Last year, University of Toronto philosophy professor Joseph Heath published Enlightenment 2.0, a book that considers the intersection between the way we think--or more importantly, perhaps, the way we manage to avoid thinking--and the new media environment in which our civic and political lives unfold. He quotes Joseph Goebbels, Nazi minister of propaganda and devoted follower of Hitler, on two occasions, both with respect to successful propaganda. Success goes to "the man who is able to reduce problems to the simplest terms and who has the courage to keep forever repeating them in this simplified form, despite the objections of the intellectuals" (Heath 239). Intellectuals, Heath notes, are defined by their belief in evidence and careful reasoning; an intellectual is "a person who thinks that beliefs should be assessed on their merits" (Heath 192). But if that repeated message resonates, the public will begin to feel that it is intuitively right, and the minute we bring intuition into our decision-making process, we have turned out reason's lights. Intuition has no capability for meta-cognition, for questioning its own beliefs or conclusions, largely because intuitions are emotional, not rational.
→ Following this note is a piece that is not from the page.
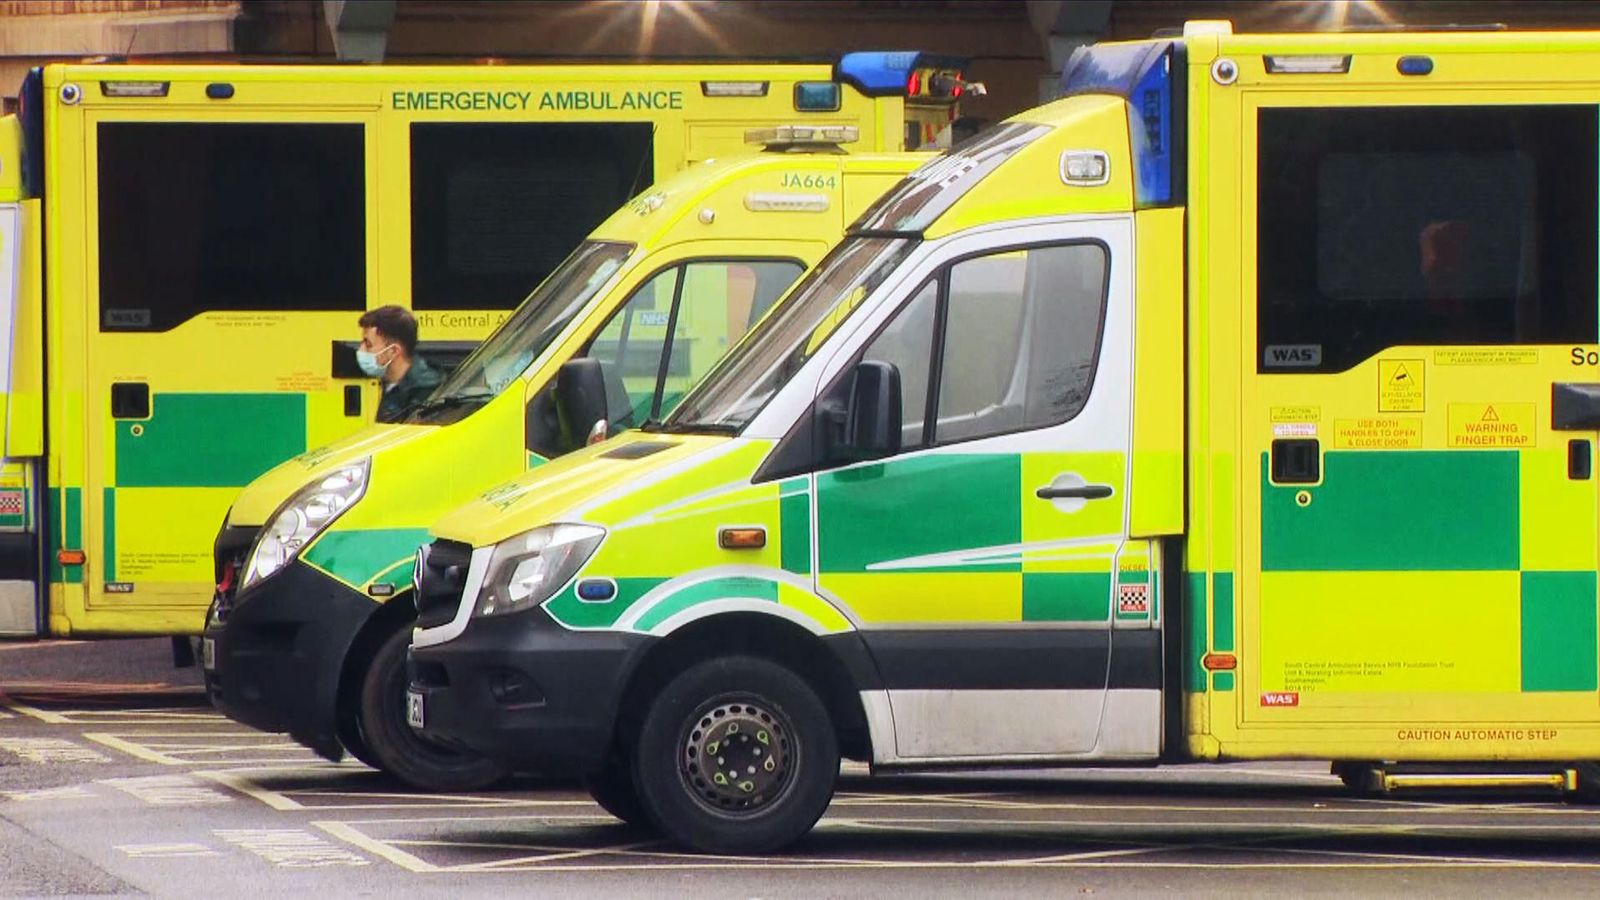 'Critical incidents' declared at hospital and ambulance trusts across England and Wales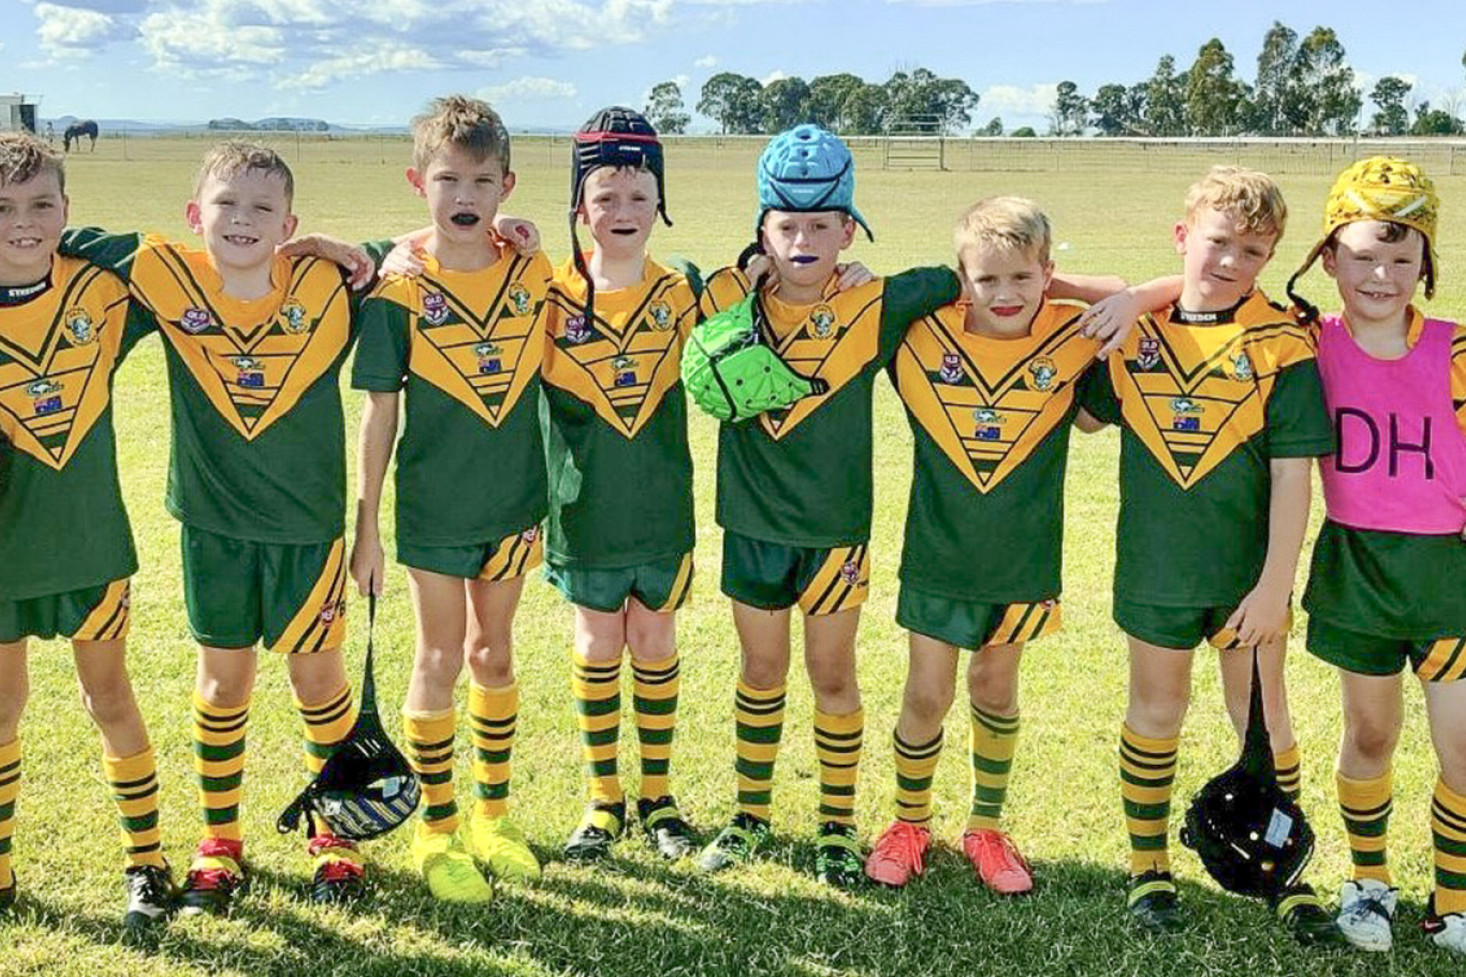 Wattles Juniors Under 9 team who were in outstanding form against Tenterfield on Saturday. Left: Kit Gilmore, George Mullen, Oliver Willet, Buddy Turner, James Patterson, Henry Ferguson, Jay Townsend, Leo Williams. (Image – Shadai Daley)

Goebbels was, in a way, one of the first people to practice branding. In the 24-hour media universe, a small phrase or an image becomes, through repetition, both the way we tell its adherent from the other guys out there, and a statement about the way things should be. In a world where we are bombarded with stimuli and information, these simple statements come as a relief, and other concerns become irrelevant. "Justin Trudeau will run deficits." "The NDP doesn't understand business." "We need to keep Canadians safe from terrorism."
While all parties use such stock phrases, it's the Conservatives who have been most expert. "Just not ready" is the meme that is supposed to stick in our heads when we enter the voting booth--and handily, the "just" echoes "Justin." Fortunately, the other parties have played with this tactic--including the comment about the "great hair."
But nowhere is this tactic more insidious than the the Conservatives' opposition to the wearing of the niqab at citizenship ceremonies. I'm with Calgary's Mayor, Naheed Nenshi, a Shia Ismaili: "I don't like the niqab," he told Wendy Mesley. Nor to I, but I am also the first person to admit that I don't understand why women wear it, and I can't possibly know any woman's individual reasons for doing so. What I'd like to have happen is for her to thrive in a free society long enough that change might just unfold, perhaps not for her, but for her daughters. Kwame Anthony Appia, a Princeton philosopher, wrote in his insightful book Cosmopolitanism: Ethics in a World of Strangers, that the most ethical and effective way to make cultural change is to tell stories, to simply talk to one another, without judging or forcing people to conform to arbitrary rules.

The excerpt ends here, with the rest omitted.